(Records excerpted from a collection)
-- Opening Marker --

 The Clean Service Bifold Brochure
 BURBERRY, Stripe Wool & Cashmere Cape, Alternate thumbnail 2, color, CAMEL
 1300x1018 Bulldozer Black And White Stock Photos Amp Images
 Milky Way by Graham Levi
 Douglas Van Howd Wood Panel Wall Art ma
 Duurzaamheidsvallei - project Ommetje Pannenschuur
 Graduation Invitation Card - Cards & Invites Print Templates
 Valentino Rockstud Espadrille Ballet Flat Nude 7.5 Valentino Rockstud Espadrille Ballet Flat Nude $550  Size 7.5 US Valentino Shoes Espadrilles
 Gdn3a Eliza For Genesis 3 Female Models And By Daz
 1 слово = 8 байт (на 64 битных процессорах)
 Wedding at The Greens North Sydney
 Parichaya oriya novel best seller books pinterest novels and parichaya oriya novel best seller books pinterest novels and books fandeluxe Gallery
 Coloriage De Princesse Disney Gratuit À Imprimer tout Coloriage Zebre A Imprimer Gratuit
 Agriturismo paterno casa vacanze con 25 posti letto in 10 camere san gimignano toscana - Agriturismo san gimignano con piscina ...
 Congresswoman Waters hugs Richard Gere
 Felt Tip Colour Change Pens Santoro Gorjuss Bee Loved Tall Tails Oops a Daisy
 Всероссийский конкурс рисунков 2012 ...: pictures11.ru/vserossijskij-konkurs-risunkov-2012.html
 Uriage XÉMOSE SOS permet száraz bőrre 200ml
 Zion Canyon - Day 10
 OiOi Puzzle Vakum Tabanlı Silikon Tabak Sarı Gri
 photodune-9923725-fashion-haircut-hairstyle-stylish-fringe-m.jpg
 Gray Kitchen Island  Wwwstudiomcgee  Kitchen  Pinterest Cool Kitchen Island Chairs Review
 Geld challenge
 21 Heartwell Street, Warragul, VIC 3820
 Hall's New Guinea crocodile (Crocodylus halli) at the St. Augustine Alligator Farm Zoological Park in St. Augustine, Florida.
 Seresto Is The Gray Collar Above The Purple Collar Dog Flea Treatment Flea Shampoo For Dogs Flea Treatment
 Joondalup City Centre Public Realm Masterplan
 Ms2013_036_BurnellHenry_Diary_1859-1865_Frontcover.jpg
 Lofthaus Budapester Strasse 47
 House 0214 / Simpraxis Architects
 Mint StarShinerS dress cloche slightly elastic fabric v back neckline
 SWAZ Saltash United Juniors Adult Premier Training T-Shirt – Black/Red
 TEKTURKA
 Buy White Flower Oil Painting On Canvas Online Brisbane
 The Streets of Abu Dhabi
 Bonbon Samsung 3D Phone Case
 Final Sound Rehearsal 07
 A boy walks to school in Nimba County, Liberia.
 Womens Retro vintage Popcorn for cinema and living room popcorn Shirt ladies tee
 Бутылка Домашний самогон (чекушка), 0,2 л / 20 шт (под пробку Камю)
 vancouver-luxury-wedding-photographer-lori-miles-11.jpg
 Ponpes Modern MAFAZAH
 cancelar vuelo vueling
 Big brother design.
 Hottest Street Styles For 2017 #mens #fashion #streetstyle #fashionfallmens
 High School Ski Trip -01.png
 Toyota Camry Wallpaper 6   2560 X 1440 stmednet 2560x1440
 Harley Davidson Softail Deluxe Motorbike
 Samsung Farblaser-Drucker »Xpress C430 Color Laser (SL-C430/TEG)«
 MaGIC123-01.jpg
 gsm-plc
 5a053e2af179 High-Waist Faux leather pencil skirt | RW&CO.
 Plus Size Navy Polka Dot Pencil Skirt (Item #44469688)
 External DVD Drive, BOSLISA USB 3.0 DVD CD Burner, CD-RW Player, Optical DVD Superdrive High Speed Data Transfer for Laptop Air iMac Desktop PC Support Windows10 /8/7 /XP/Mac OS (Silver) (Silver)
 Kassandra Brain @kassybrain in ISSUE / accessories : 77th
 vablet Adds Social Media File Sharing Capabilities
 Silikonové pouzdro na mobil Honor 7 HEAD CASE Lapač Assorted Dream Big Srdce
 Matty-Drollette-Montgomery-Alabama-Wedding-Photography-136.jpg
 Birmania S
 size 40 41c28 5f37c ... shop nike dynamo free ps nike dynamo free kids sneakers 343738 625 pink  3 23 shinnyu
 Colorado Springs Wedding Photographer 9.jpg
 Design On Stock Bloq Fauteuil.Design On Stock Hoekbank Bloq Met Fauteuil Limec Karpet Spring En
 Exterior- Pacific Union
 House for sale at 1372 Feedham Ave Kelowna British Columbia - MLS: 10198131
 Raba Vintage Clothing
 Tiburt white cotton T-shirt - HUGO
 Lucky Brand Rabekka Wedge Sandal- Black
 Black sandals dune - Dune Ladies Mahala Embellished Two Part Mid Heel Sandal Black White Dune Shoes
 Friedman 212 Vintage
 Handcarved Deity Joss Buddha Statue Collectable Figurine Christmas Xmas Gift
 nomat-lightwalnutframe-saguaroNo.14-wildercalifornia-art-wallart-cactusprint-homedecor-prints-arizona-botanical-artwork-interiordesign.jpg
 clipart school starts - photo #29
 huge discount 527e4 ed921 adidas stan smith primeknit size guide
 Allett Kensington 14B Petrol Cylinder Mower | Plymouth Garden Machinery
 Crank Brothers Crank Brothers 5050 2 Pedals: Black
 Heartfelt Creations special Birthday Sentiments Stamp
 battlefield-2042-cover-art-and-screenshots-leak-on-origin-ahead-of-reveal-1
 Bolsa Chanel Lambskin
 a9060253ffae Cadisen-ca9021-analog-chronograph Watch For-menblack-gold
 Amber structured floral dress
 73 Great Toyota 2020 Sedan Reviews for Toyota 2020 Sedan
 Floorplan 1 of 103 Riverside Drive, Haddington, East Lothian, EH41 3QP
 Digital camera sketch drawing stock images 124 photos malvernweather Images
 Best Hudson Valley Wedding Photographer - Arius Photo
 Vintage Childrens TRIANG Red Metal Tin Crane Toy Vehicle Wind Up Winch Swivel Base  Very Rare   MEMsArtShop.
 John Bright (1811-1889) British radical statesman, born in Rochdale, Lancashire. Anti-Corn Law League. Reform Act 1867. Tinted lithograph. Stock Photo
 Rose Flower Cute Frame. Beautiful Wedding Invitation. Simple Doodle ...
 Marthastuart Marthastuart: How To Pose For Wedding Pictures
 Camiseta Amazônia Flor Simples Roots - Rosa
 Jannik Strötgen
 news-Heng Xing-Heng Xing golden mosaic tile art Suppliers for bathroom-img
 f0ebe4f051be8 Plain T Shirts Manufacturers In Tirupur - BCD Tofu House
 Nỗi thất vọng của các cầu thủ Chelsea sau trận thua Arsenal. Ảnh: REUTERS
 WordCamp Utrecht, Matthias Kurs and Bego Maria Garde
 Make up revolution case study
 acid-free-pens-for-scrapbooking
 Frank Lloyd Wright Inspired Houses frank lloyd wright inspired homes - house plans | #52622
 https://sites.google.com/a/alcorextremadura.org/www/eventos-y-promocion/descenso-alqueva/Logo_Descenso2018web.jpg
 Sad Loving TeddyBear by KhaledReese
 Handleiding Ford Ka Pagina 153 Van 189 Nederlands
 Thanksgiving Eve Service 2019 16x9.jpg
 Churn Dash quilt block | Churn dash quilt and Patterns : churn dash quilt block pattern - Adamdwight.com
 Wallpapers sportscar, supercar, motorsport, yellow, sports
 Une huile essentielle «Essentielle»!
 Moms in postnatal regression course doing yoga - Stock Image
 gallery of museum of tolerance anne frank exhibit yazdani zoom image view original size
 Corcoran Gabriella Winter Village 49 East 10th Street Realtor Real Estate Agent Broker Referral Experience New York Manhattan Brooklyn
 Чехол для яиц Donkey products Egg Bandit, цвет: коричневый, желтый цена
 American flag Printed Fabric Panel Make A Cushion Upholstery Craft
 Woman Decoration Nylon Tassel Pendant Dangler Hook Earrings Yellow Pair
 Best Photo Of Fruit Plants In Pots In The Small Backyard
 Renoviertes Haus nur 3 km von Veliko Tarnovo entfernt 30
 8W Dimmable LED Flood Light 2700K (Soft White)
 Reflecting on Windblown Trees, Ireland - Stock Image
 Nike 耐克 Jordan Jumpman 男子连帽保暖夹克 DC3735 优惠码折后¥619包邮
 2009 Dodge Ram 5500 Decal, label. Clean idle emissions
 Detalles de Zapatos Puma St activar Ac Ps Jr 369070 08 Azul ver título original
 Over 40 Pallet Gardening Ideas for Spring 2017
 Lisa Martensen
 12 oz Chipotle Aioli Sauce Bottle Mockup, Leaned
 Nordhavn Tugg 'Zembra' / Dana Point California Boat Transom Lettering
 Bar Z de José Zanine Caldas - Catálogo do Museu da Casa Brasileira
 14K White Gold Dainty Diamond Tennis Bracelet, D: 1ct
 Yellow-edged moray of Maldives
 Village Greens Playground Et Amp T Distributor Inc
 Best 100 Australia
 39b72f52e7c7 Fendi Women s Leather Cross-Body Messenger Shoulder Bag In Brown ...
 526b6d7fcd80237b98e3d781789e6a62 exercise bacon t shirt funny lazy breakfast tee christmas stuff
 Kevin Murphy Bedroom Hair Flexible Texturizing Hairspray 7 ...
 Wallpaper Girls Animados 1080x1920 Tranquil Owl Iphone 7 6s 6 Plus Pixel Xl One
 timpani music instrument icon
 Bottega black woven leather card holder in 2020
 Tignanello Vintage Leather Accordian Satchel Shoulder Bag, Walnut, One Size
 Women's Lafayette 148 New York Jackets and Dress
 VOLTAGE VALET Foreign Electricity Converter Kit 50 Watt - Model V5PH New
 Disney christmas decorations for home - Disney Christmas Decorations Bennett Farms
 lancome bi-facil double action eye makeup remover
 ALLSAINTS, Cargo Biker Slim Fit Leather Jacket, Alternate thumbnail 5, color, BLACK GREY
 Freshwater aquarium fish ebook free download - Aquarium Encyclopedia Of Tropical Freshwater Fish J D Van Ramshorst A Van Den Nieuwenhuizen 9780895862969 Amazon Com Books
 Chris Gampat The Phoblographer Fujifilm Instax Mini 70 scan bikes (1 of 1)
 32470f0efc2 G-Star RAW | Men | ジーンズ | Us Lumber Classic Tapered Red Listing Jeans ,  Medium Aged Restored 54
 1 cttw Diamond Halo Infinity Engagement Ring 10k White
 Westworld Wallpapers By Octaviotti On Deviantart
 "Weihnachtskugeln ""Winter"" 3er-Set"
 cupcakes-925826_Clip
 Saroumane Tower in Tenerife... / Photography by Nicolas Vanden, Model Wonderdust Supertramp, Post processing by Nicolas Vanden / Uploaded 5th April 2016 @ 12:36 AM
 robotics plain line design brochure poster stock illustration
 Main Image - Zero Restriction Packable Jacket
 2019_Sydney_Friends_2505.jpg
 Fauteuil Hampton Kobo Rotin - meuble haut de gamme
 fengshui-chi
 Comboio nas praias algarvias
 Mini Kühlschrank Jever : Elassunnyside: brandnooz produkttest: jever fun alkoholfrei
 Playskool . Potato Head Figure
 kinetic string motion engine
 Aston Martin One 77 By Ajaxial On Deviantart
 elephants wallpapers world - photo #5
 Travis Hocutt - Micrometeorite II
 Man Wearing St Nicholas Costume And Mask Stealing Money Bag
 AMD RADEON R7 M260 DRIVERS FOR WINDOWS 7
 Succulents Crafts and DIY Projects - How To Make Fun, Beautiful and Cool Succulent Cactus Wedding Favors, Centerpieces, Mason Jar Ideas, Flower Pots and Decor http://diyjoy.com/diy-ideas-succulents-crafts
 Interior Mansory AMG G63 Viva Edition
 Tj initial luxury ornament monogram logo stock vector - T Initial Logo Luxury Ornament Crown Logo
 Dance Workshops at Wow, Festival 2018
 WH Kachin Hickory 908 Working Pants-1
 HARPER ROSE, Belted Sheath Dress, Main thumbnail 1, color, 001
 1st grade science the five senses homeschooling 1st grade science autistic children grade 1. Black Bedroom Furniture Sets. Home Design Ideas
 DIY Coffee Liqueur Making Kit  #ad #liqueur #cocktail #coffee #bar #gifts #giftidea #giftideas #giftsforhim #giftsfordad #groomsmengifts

-- Closing Marker --

• EXERCISE OBJECTIVE: Write down again the exact lines running from the beginning of the data to the line containing "Agriturismo paterno casa", with both ends included.

• SOLUTION BELOW:
 The Clean Service Bifold Brochure
 BURBERRY, Stripe Wool & Cashmere Cape, Alternate thumbnail 2, color, CAMEL
 1300x1018 Bulldozer Black And White Stock Photos Amp Images
 Milky Way by Graham Levi
 Douglas Van Howd Wood Panel Wall Art ma
 Duurzaamheidsvallei - project Ommetje Pannenschuur
 Graduation Invitation Card - Cards & Invites Print Templates
 Valentino Rockstud Espadrille Ballet Flat Nude 7.5 Valentino Rockstud Espadrille Ballet Flat Nude $550  Size 7.5 US Valentino Shoes Espadrilles
 Gdn3a Eliza For Genesis 3 Female Models And By Daz
 1 слово = 8 байт (на 64 битных процессорах)
 Wedding at The Greens North Sydney
 Parichaya oriya novel best seller books pinterest novels and parichaya oriya novel best seller books pinterest novels and books fandeluxe Gallery
 Coloriage De Princesse Disney Gratuit À Imprimer tout Coloriage Zebre A Imprimer Gratuit
 Agriturismo paterno casa vacanze con 25 posti letto in 10 camere san gimignano toscana - Agriturismo san gimignano con piscina ...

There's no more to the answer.